如果没有带外信息或只是将所有内容都视为字符串/文本,我认为这不能完全通用。也就是说,CSV文件中包含的信息通常不足以创建语义上“令人满意”的解决方案。在某些情况下推断出类型可能是多么好,但它远非防弹。

I would use Python's csv and sqlite3 modules, and try to:

我会使用Python的csv和sqlite3模块,并尝试:

  • convert the cells in the first CSV line into names for the SQL columns (strip “oddball” characters)
  • 将第一个CSV行中的单元格转换为SQL列的名称(剥离“oddball”字符)
  • infer the types of the columns by going through the cells in the second CSV file line (first line of data), attempting to convert each one first to an int, if that fails, try a float, and if that fails too, fall back to strings
  • 通过遍历第二个CSV文件行(第一行数据)中的单元格来推断列的类型,尝试将每个单元格首先转换为int,如果失败,请尝试浮动,如果失败,请退回字符串
  • this would give you a list of names and a list of corresponding probably types from which you can roll a CREATE TABLE statement and execute it
  • 这将为您提供一个名称列表和一个相应的可能类型列表,您可以从中滚动CREATE TABLE语句并执行它
  • try to INSERT the first and subsequent data lines from the CSV file
  • 尝试从CSV文件中插入第一个和后续数据行

There are many things to criticize in such an approach (e.g. no keys or indexes, fails if first line contains a field that is a string in general but just so happens to contain a value that's Python-convertible to an int or float in the first data line), but it'll probably work passably for the majority of CSV files.

在这种方法中有很多东西要批评(例如没有键或索引,如果第一行包含一般字符串的字段,但恰好包含一个Python可转换为int或float的值,则会失败数据线),但它可能适用于大多数CSV文件。

#2


1  

  1. You need to find a library that helps you to parse the csv file, or read the file line by line and parse it with standard python, it could be as simple as split the line on commas.

    您需要找到一个可以帮助您解析csv文件的库,或者逐行读取文件并使用标准python解析它,它可以像在逗号上拆分行一样简单。

  2. Insert in the Sqlite database. Here you have the python documentation on SQLite. You could also use sqlalchemy or other ORM .

    插入Sqlite数据库。这里有关于SQLite的python文档。您也可以使用sqlalchemy或其他ORM。

Another way, could be using the sqlite shell itself.

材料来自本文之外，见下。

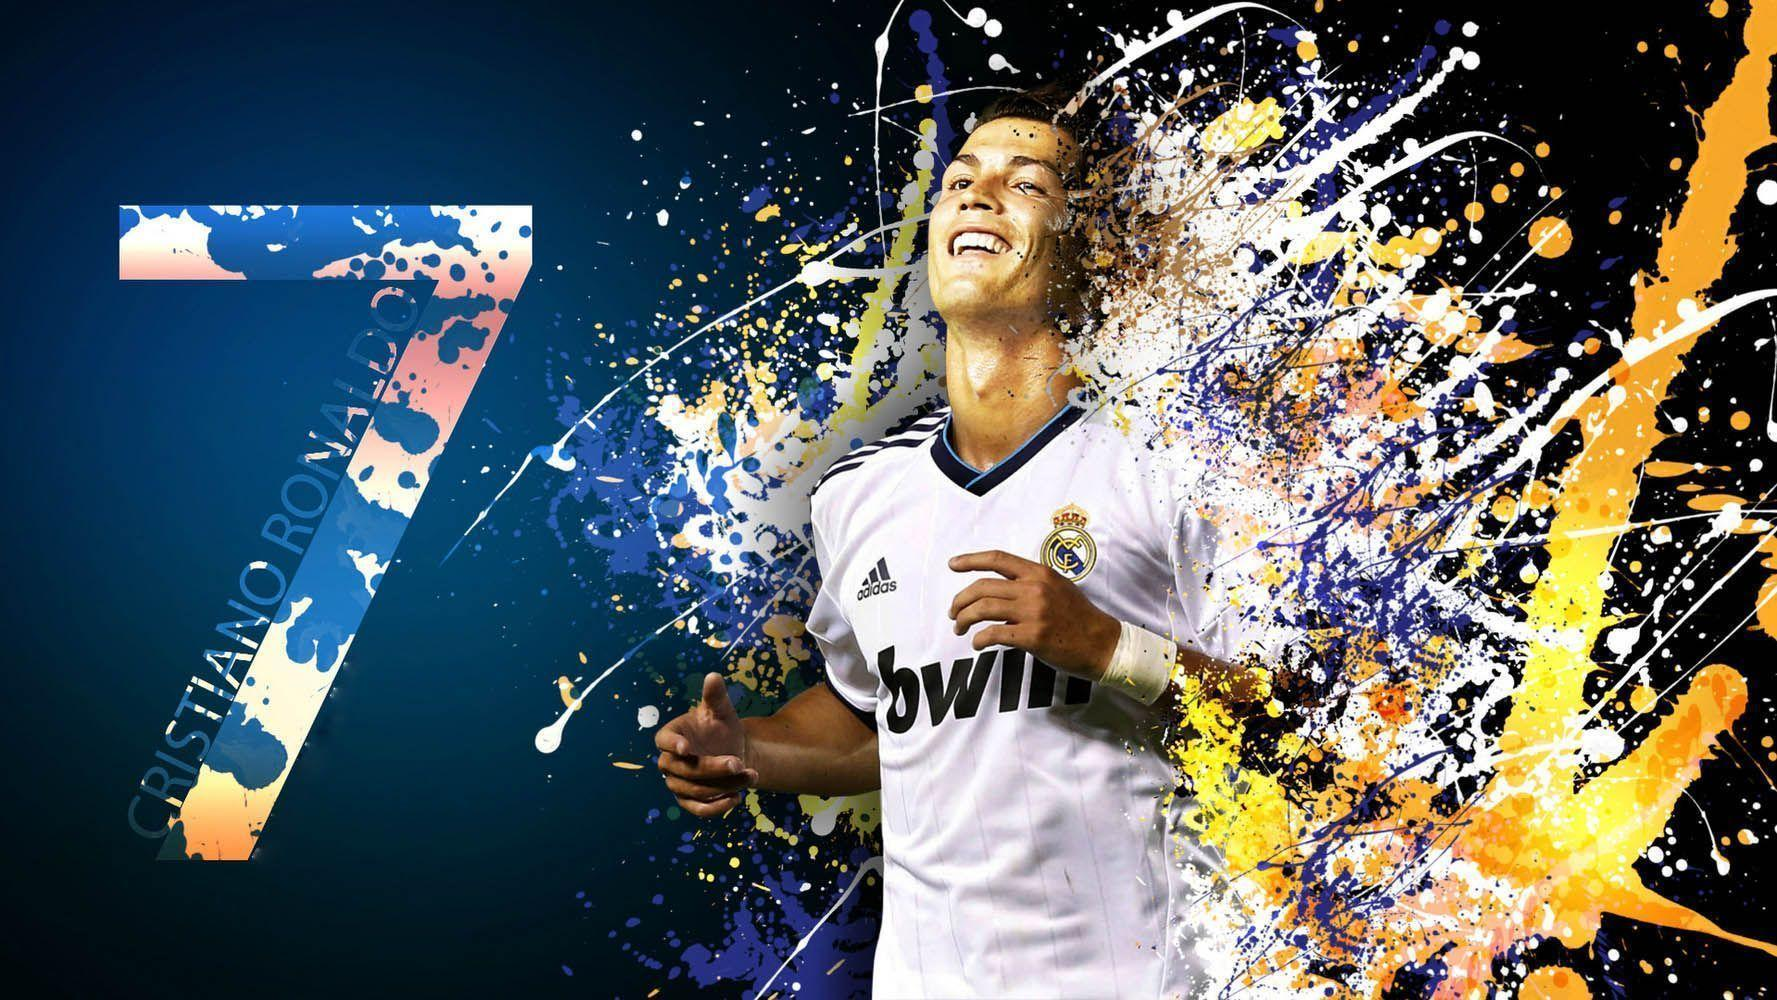 Cristiano Ronaldo Wallpapers 2015 Nike

另一种方法,可能是使用sqlite shell本身。

#1


0  

I don't think this can be done in full generality without out-of-band information or just treating everything as strings/text. That is, the information contained in the CSV file won't, in general, be sufficient to create a semantically “satisfying” solution. It might be good enough to infer what the types probably are for some cases, but it'll be far from bulletproof.

如果没有带外信息或只是将所有内容都视为字符串/文本,我认为这不能完全通用。也就是说,CSV文件中包含的信息通常不足以创建语义上“令人满意”的解决方案。在某些情况下推断出类型可能是多么好,但它远非防弹。

I would use Python's csv and sqlite3 modules, and try to:

我会使用Python的csv和sqlite3模块,并尝试:

  • convert the cells in the first CSV line into names for the SQL columns (strip “oddball” characters)
  • 将第一个CSV行中的单元格转换为SQL列的名称(剥离“oddball”字符)
  • infer the types of the columns by going through the cells in the second CSV file line (first line of data), attempting to convert each one first to an int, if that fails, try a float, and if that fails too, fall back to strings
  • 通过遍历第二个CSV文件行(第一行数据)中的单元格来推断列的类型,尝试将每个单元格首先转换为int,如果失败,请尝试浮动,如果失败,请退回字符串
  • this would give you a list of names and a list of corresponding probably types from which you can roll a CREATE TABLE statement and execute it
  • 这将为您提供一个名称列表和一个相应的可能类型列表,您可以从中滚动CREATE TABLE语句并执行它
  • try to INSERT the first and subsequent data lines from the CSV file
  • 尝试从CSV文件中插入第一个和后续数据行

There are many things to criticize in such an approach (e.g. no keys or indexes, fails if first line contains a field that is a string in general but just so happens to contain a value that's Python-convertible to an int or float in the first data line), but it'll probably work passably for the majority of CSV files.

在这种方法中有很多东西要批评(例如没有键或索引,如果第一行包含一般字符串的字段,但恰好包含一个Python可转换为int或float的值,则会失败数据线),但它可能适用于大多数CSV文件。

#2


1  

  1. You need to find a library that helps you to parse the csv file, or read the file line by line and parse it with standard python, it could be as simple as split the line on commas.

    您需要找到一个可以帮助您解析csv文件的库,或者逐行读取文件并使用标准python解析它,它可以像在逗号上拆分行一样简单。

  2. Insert in the Sqlite database. Here you have the python documentation on SQLite. You could also use sqlalchemy or other ORM .

    插入Sqlite数据库。这里有关于SQLite的python文档。您也可以使用sqlalchemy或其他ORM。

Another way, could be using the sqlite shell itself.

另一种方法,可能是使用sqlite shell本身。